Last year, concern over PFAS, which has been linked to cancer in humans, drove a large public outcry over a Hoosac Water Quality District's plan to increase its composting operation by taking in biosolids, or sludge, from other wastewater treatment plants and create a new revenue stream for the local facility.
 
Eventually, the HWQD abandoned its efforts to pursue such an arrangement.

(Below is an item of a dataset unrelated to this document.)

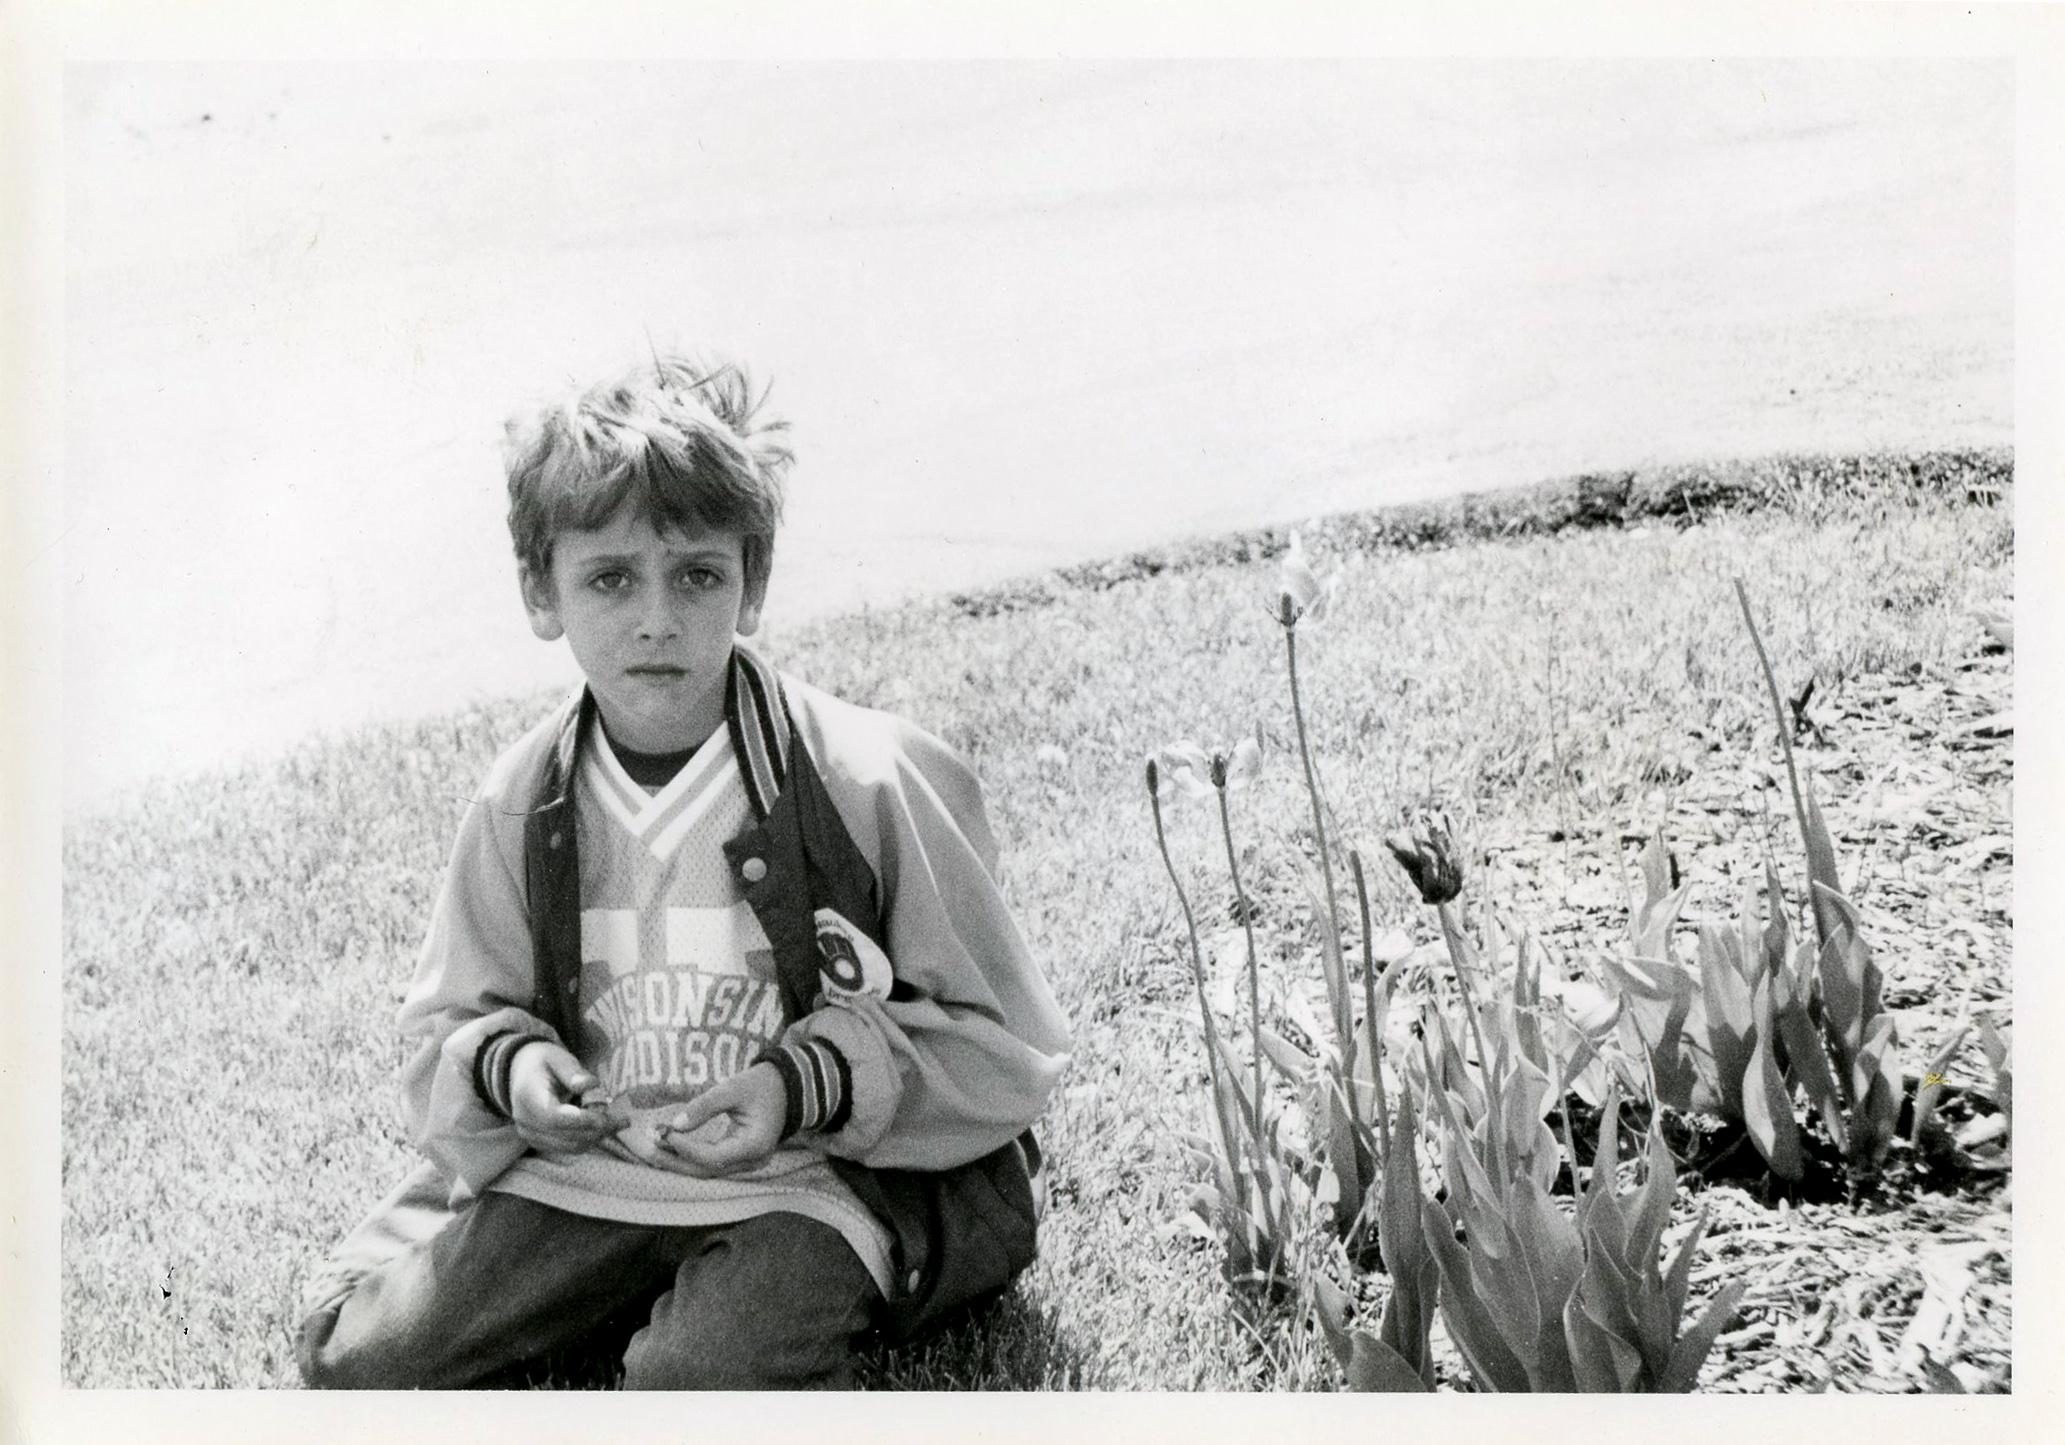 Wisconsin, 1978 - never happier

Today, the district still runs its composting operation — for locally produced sludge only — and needs to pay to have it hauled off site for non-agricultural uses.
 
On Monday, Boyd presented a draft warrant article put together by a group of residents in consultation with the Berkshire Environmental Action Team and Just Zero, a national anti-PFAS advocacy group based in Sturbridge.
 
"What this warrant article would do is not allow anybody who owns or manages land in Williamstown to use sludge or compost [derived from biosolids] as a fertilizer or soil amendment on that property," Boyd said.
 
Her colleagues raised concerns about the potential for uneven enforcement of the proposed bylaw and suggested it might be unfair to penalize residents who purchase a small bag of compost that contains biosolids at their local hardware store and unwittingly use it in a backyard garden.